- [Goal of the exercise]: Return, word for word, only the lines of the data below that lie between the line with "Burger Hamburger Fast" and the line with "Los Angeles art", those two lines included.

- [Data extract]:
"""

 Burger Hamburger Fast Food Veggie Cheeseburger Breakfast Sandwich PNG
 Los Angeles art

"""
"""

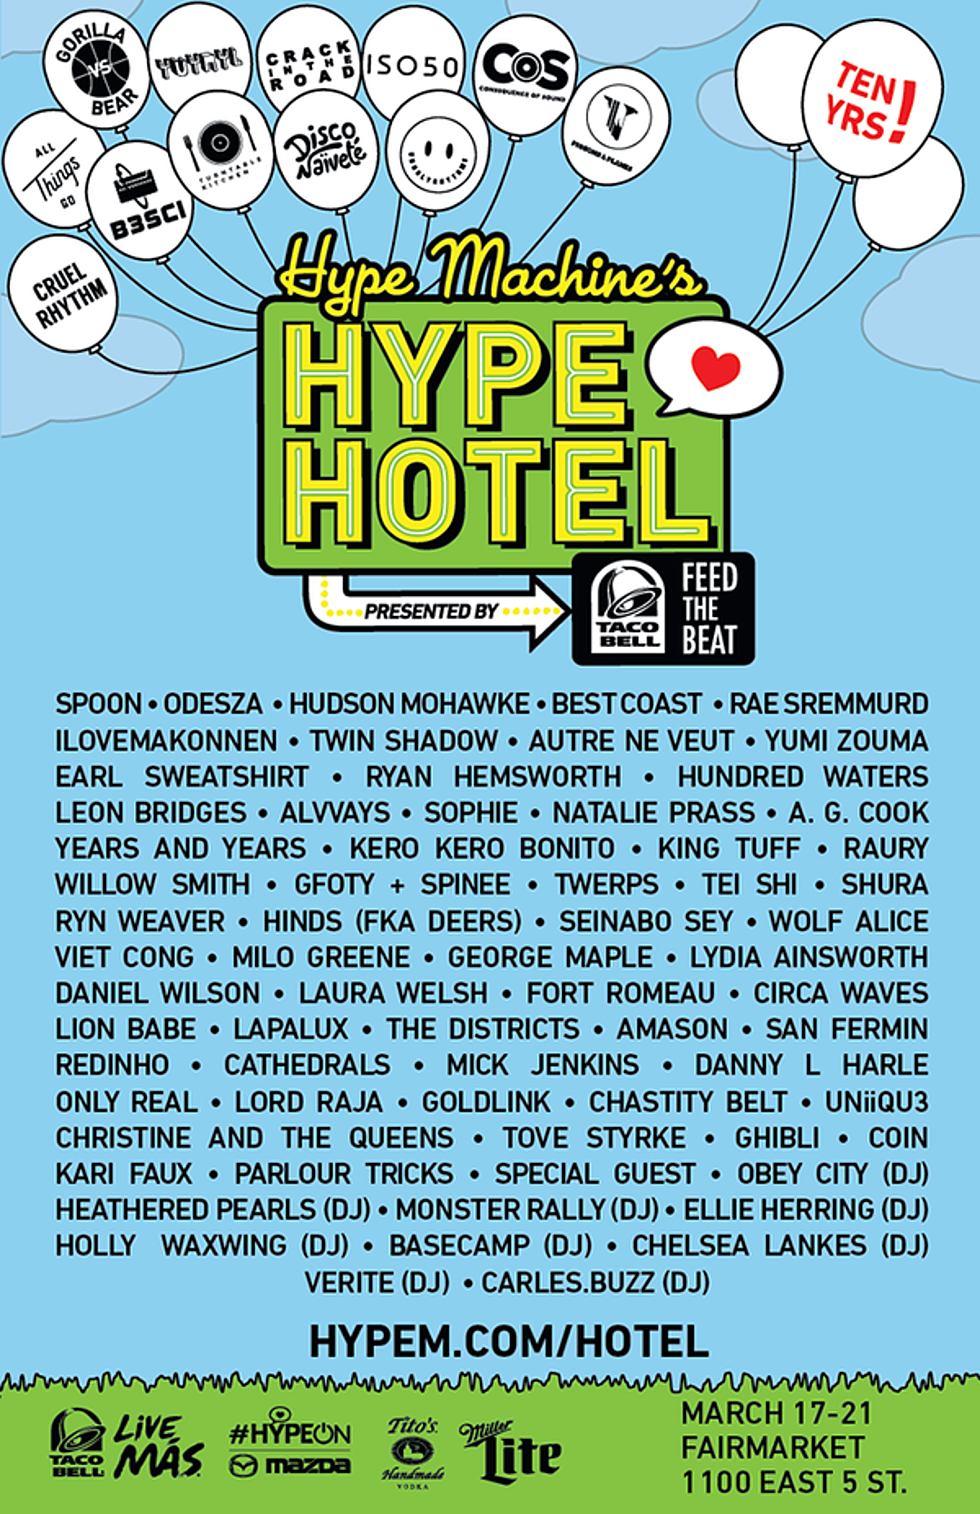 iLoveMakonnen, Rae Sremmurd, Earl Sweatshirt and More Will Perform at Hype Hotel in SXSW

"""
"""

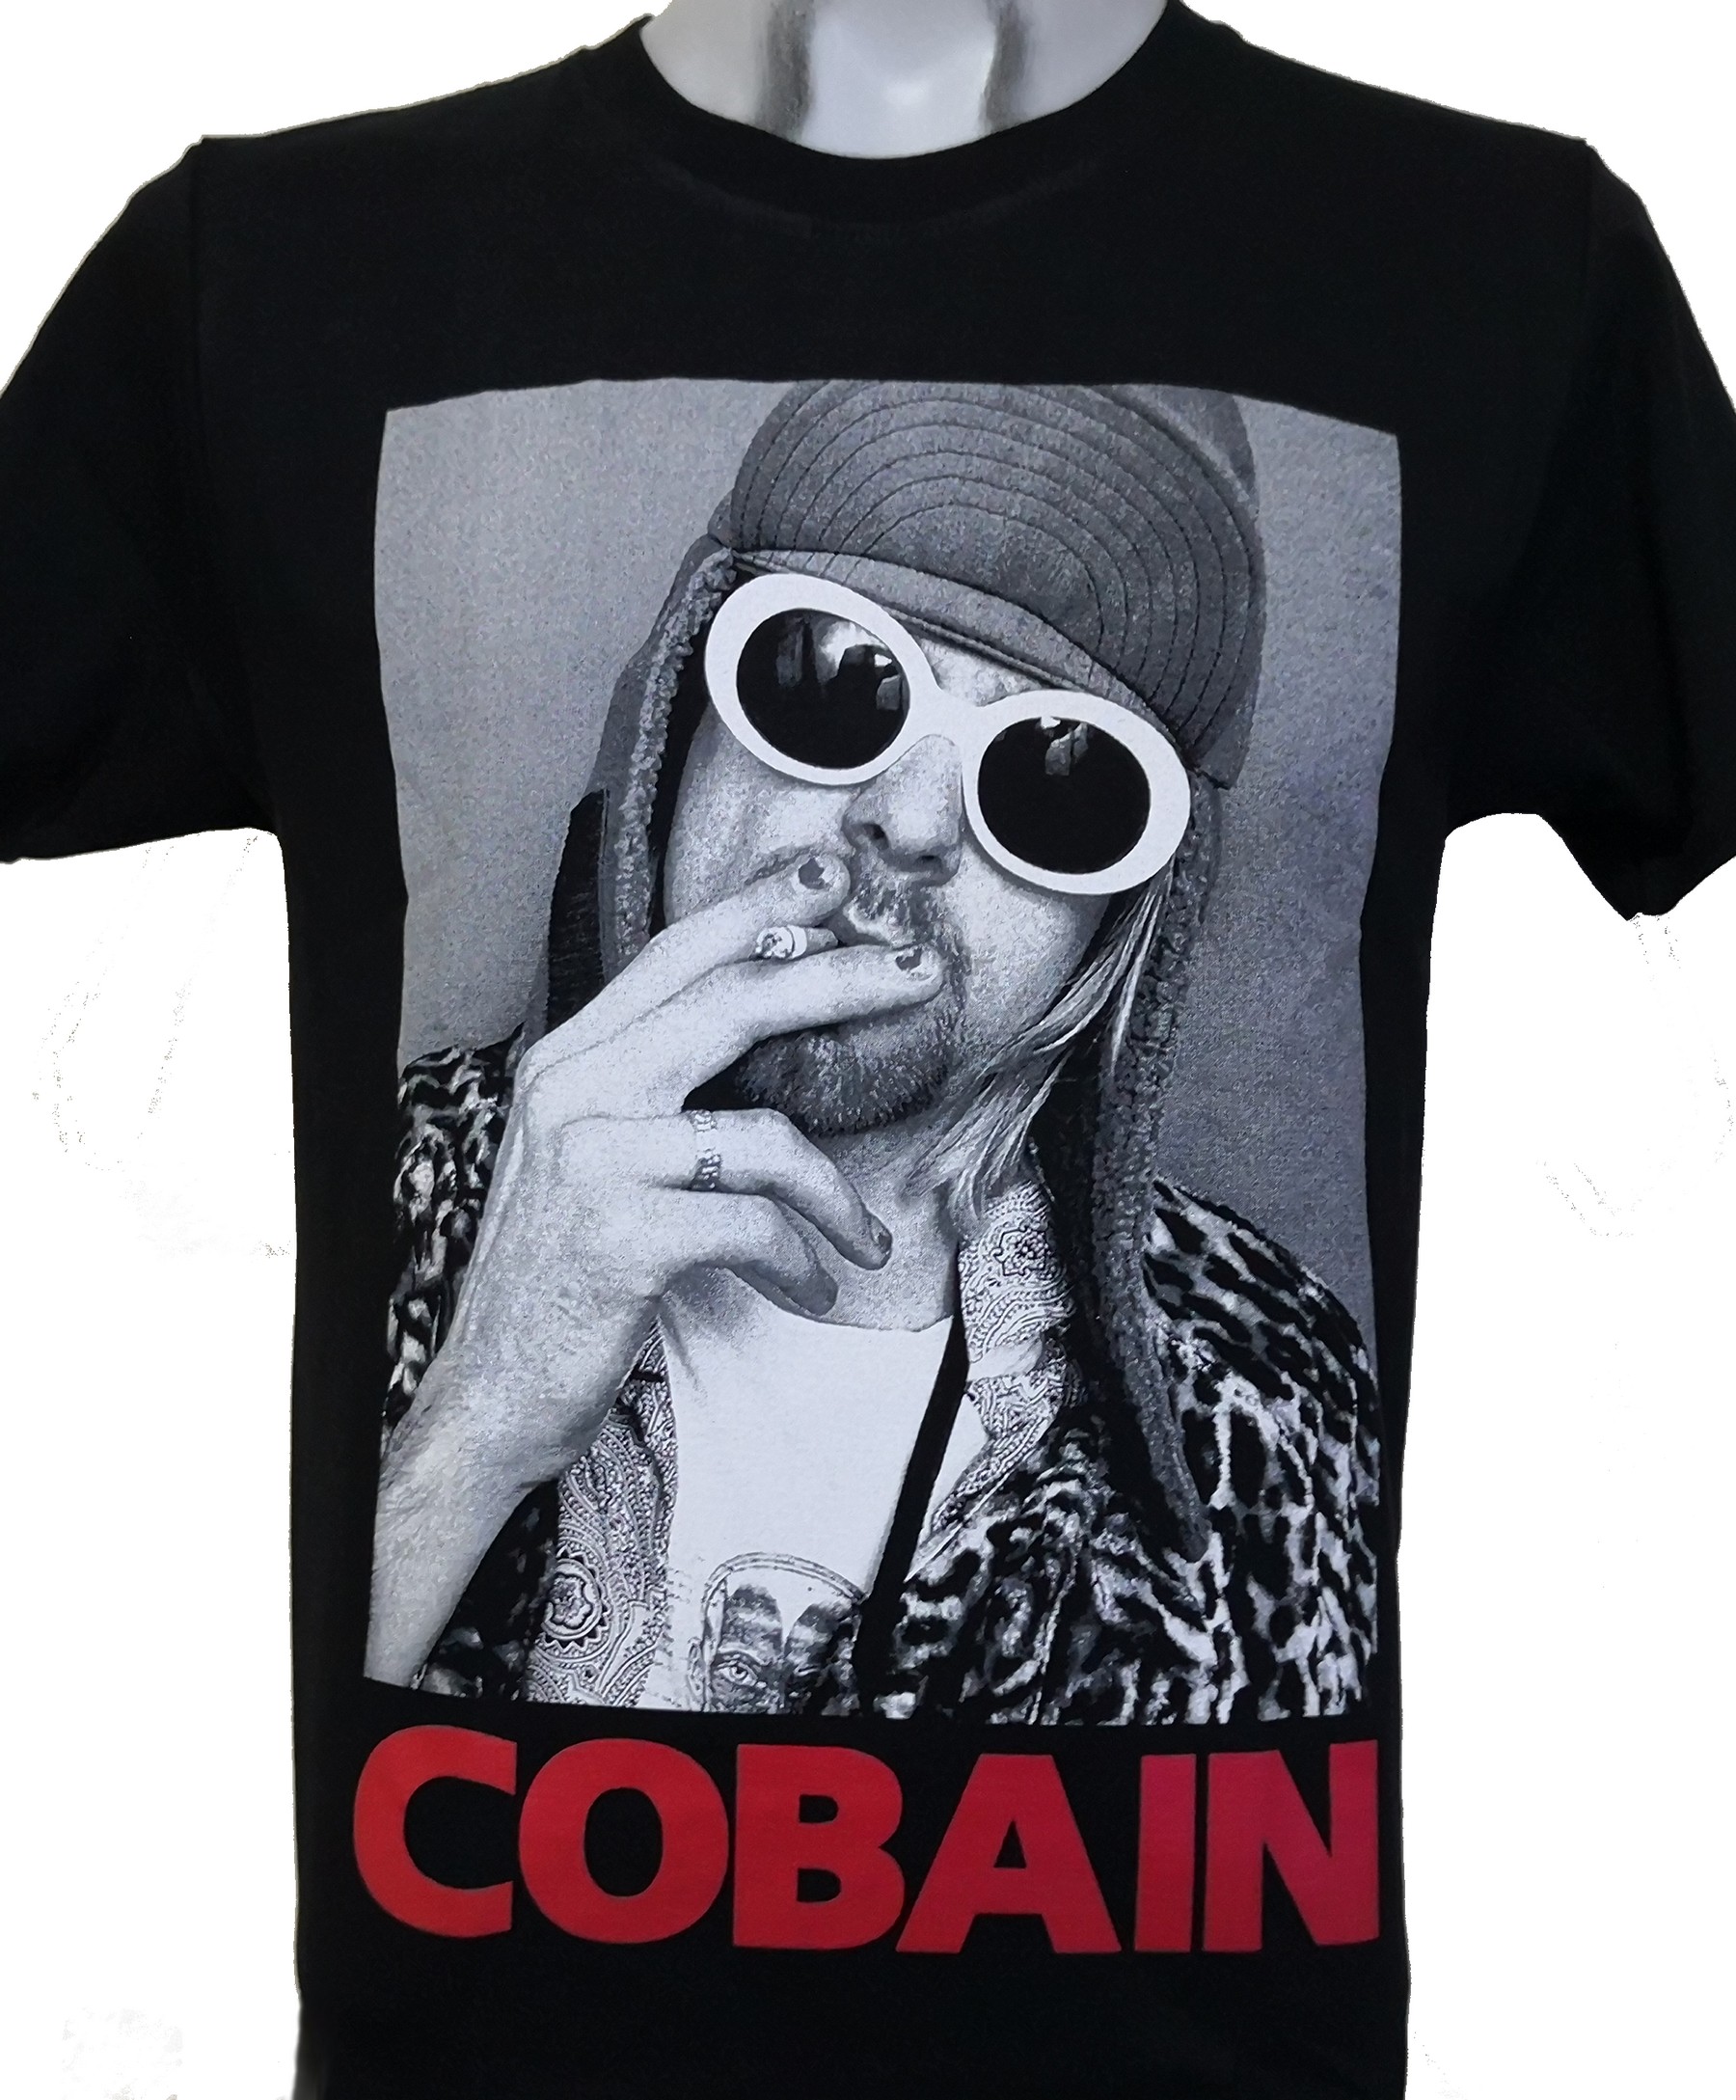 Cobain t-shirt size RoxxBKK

"""

- [Written answer]:
 Burger Hamburger Fast Food Veggie Cheeseburger Breakfast Sandwich PNG
 Los Angeles art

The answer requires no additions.